**The data**
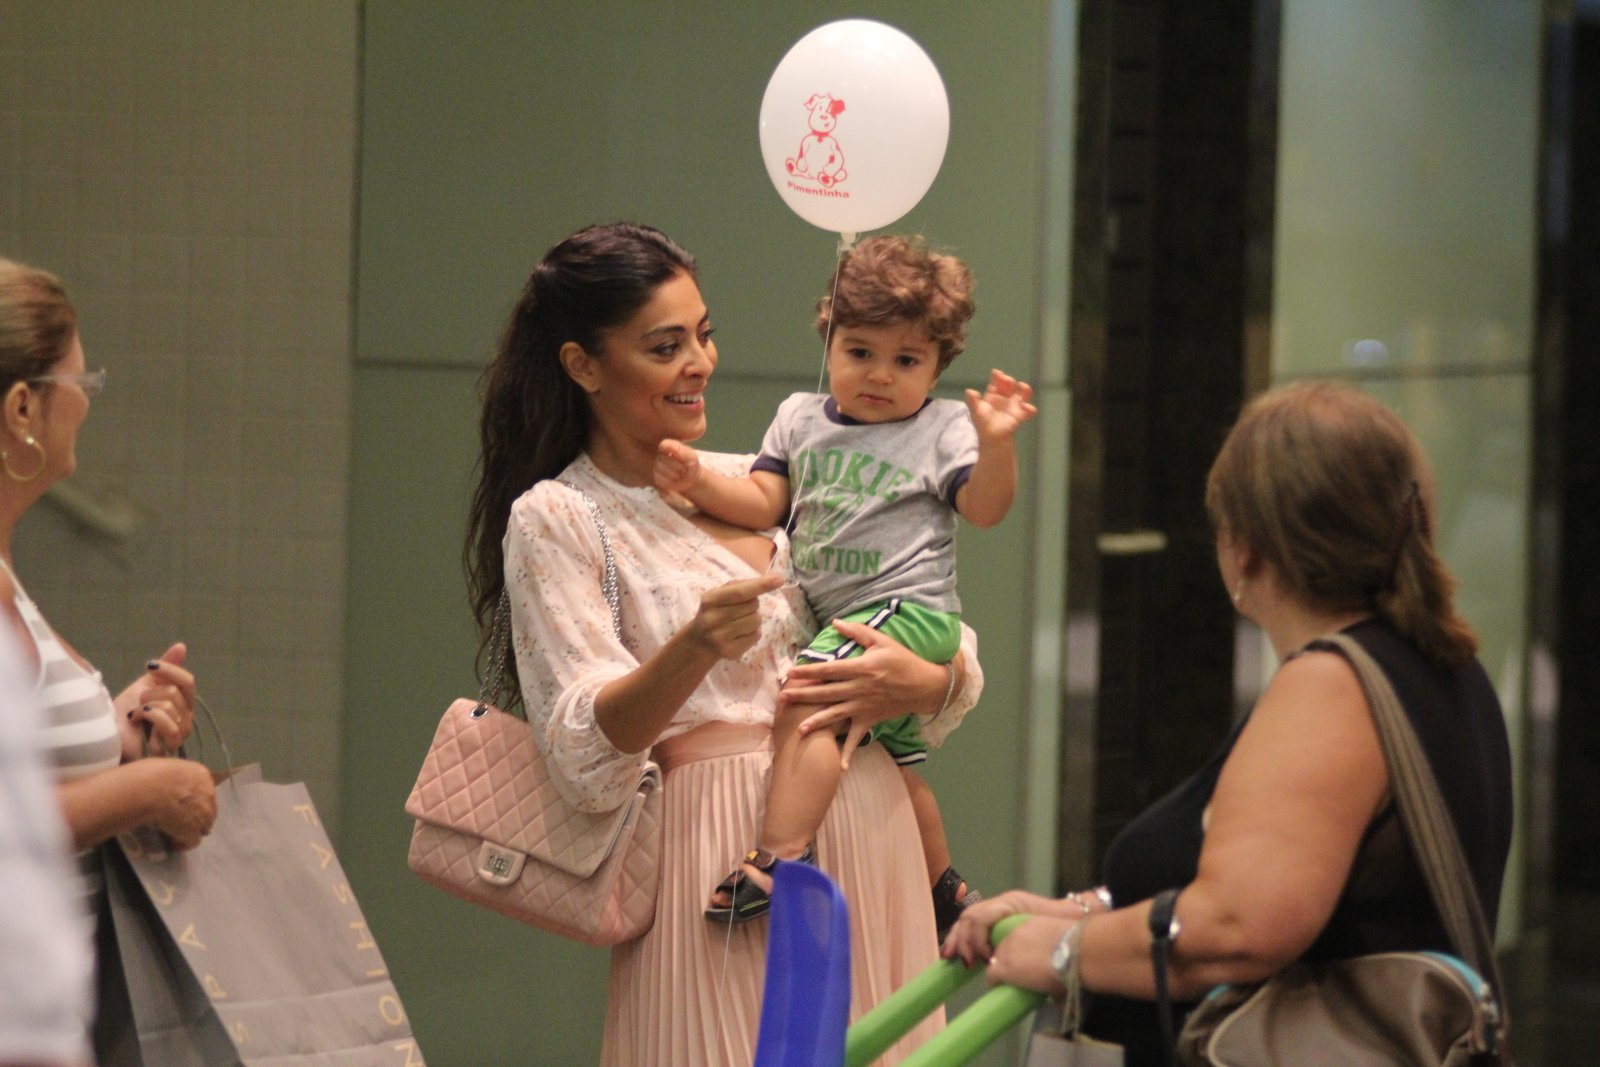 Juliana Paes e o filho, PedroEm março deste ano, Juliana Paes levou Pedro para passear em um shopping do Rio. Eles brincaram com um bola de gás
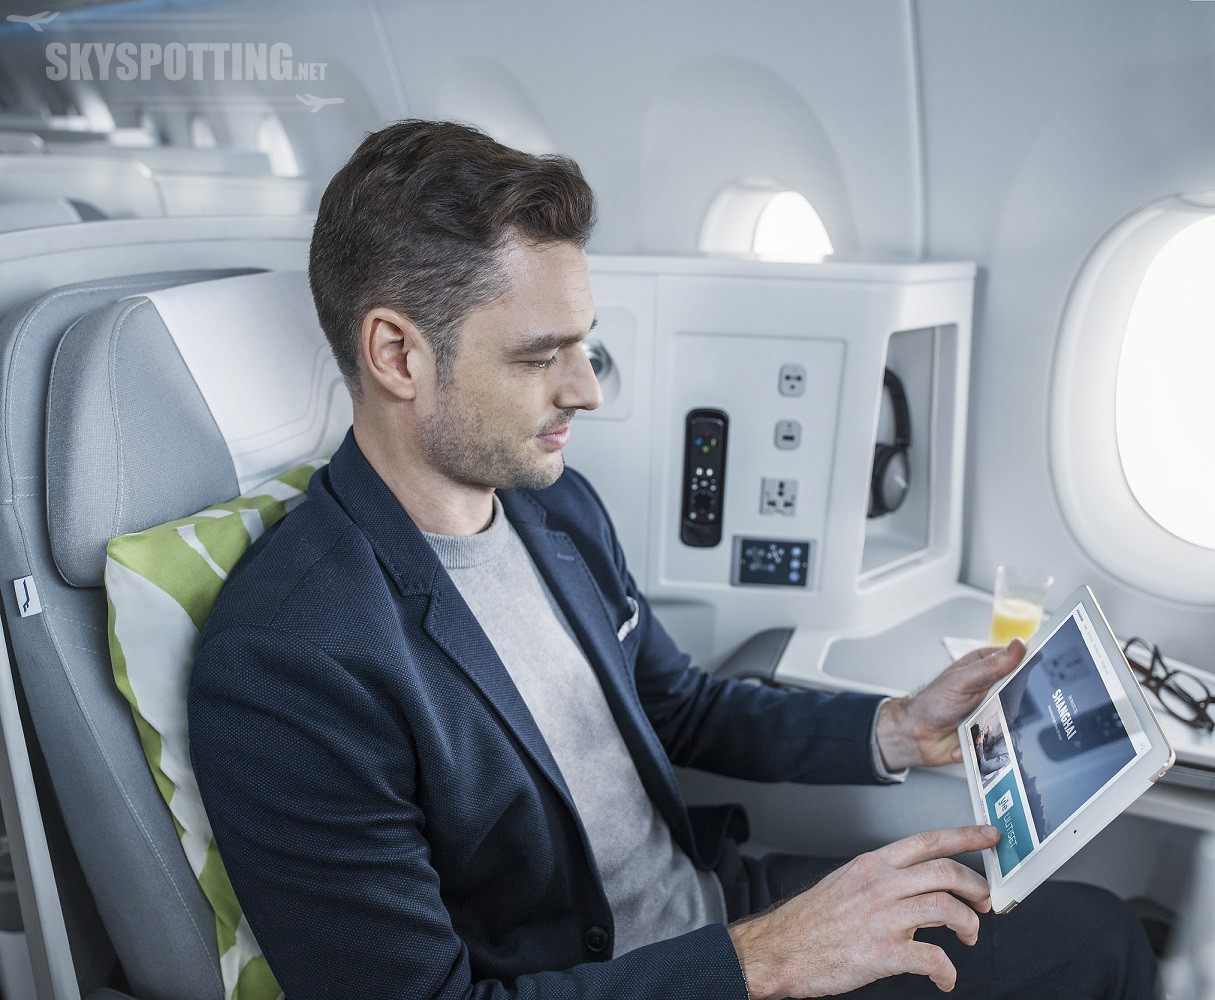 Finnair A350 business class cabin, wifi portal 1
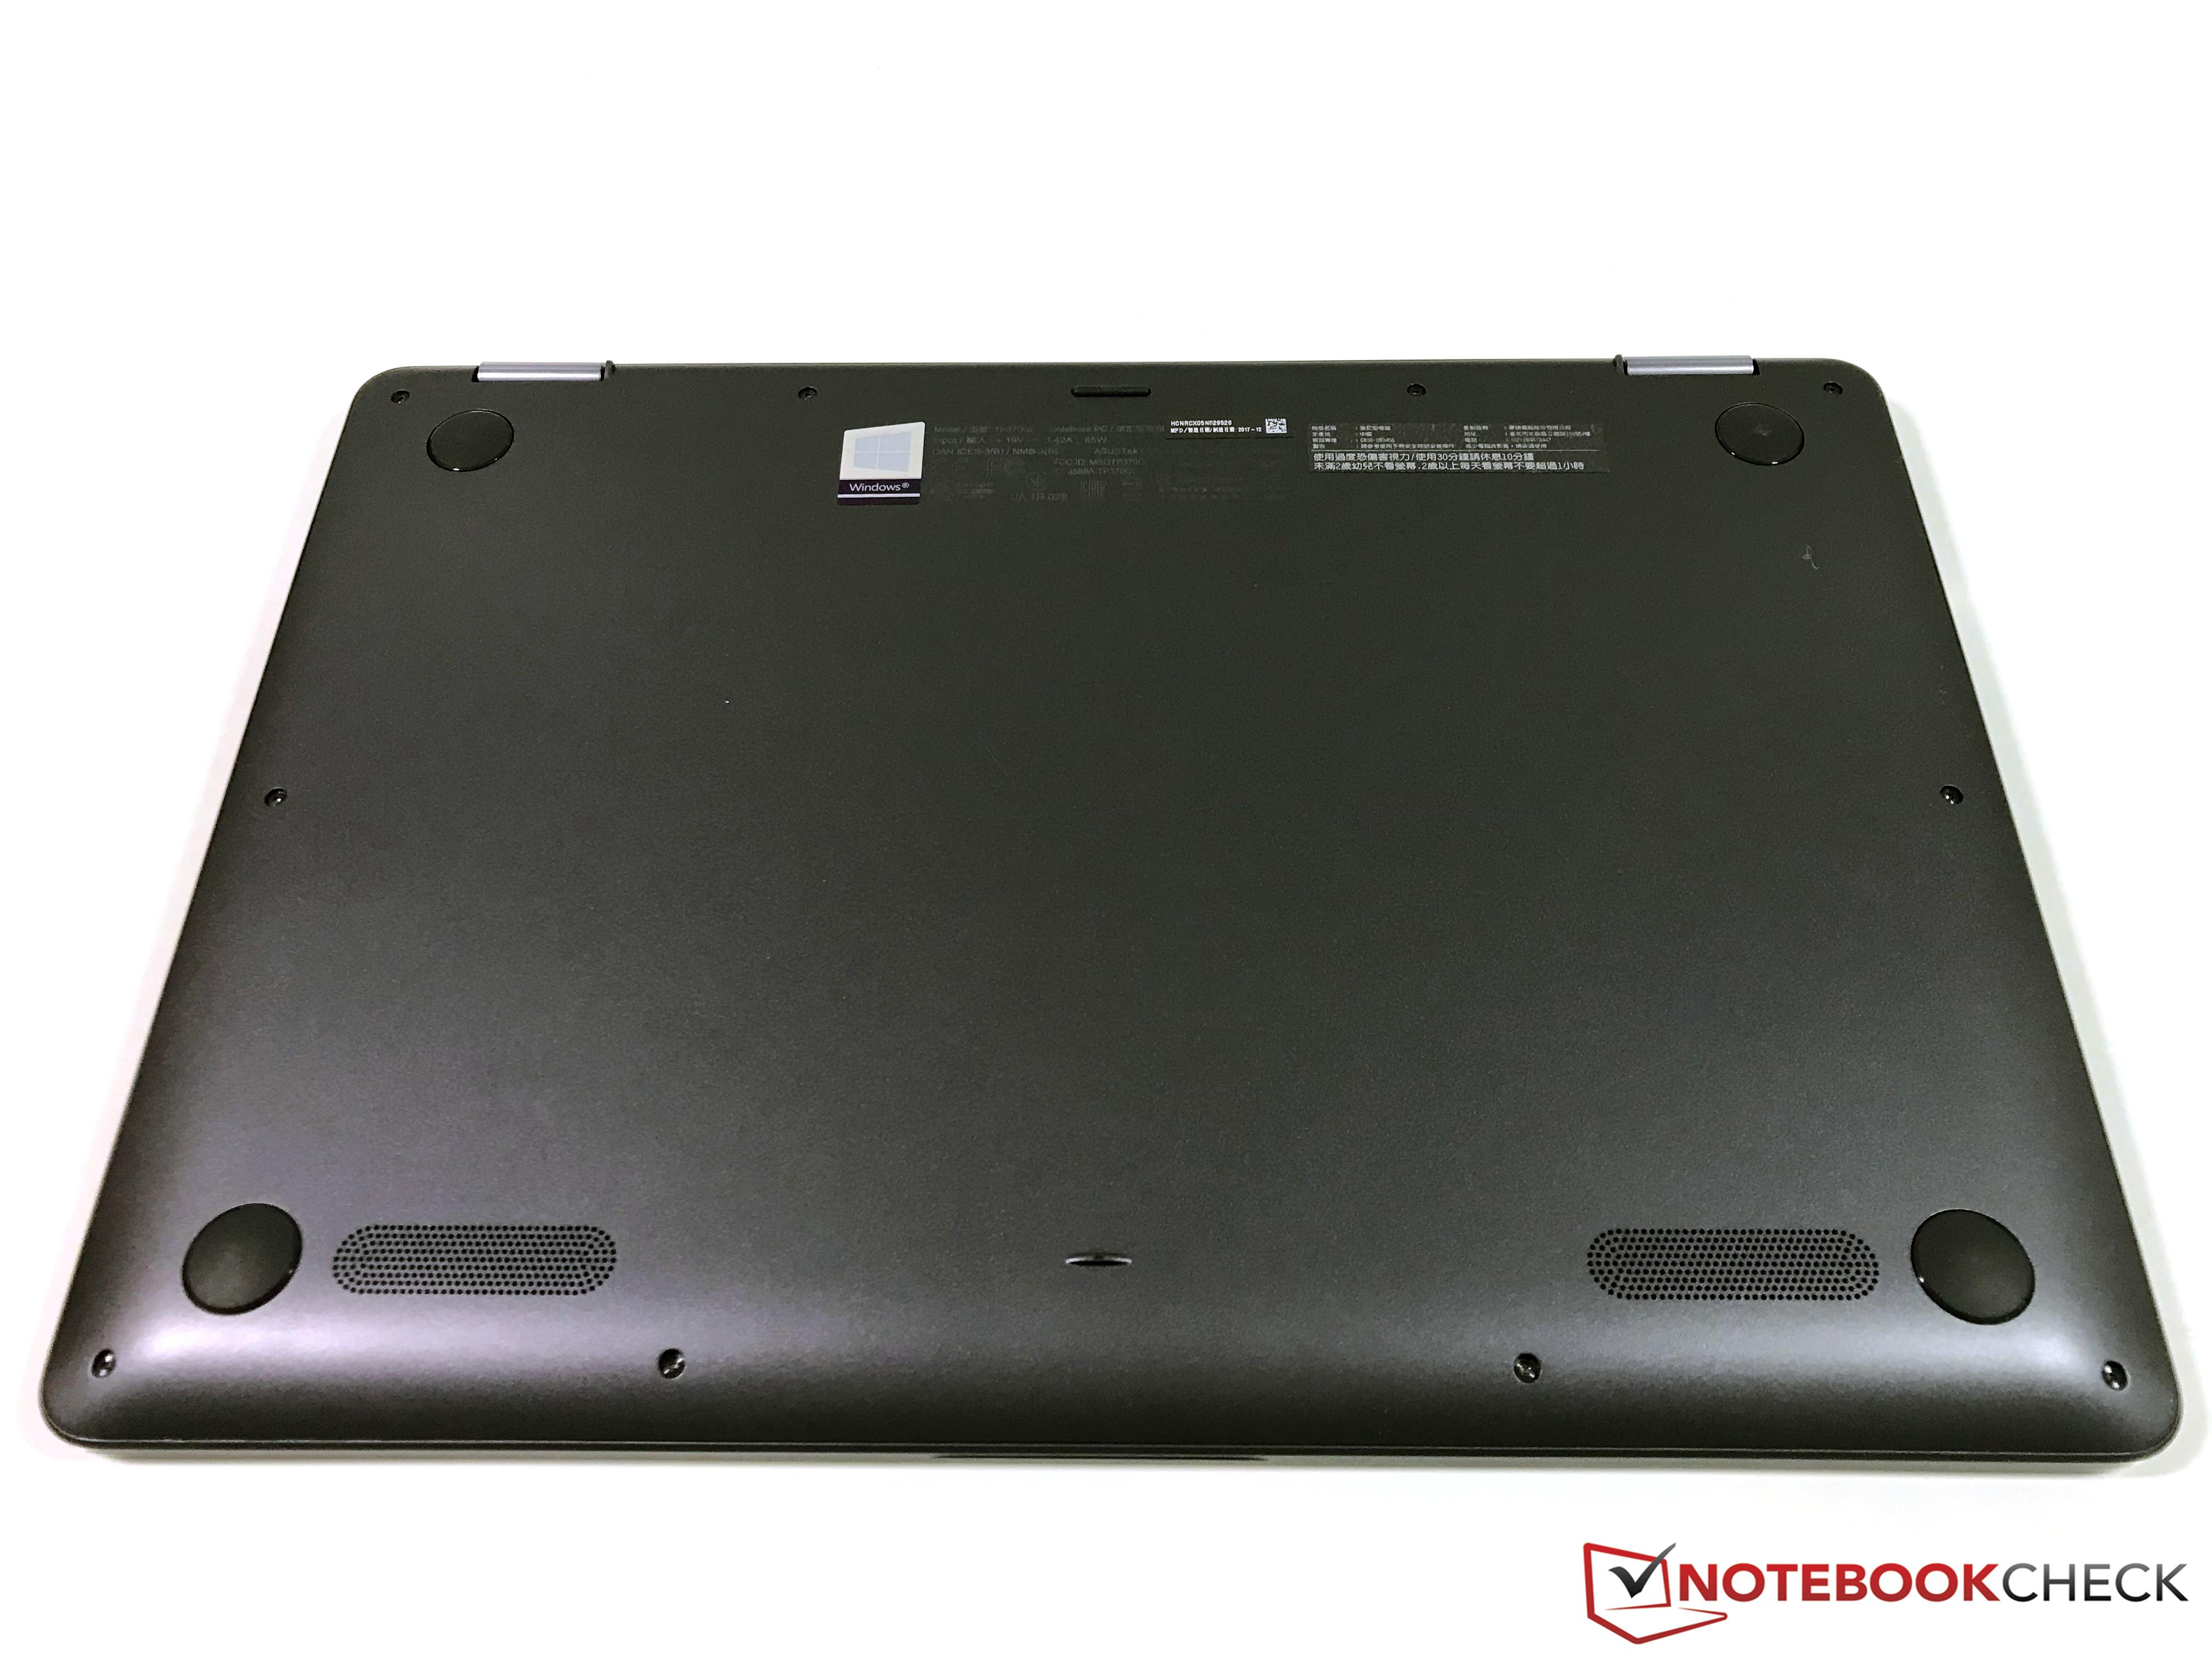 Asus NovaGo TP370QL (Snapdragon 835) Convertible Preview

**Your assignment**
Everything in the listing above, apart from its pictures, must be repeated exactly.

**Answer for the task**
 Juliana Paes e o filho, PedroEm março deste ano, Juliana Paes levou Pedro para passear em um shopping do Rio. Eles brincaram com um bola de gás
 Finnair A350 business class cabin, wifi portal 1
 Asus NovaGo TP370QL (Snapdragon 835) Convertible Preview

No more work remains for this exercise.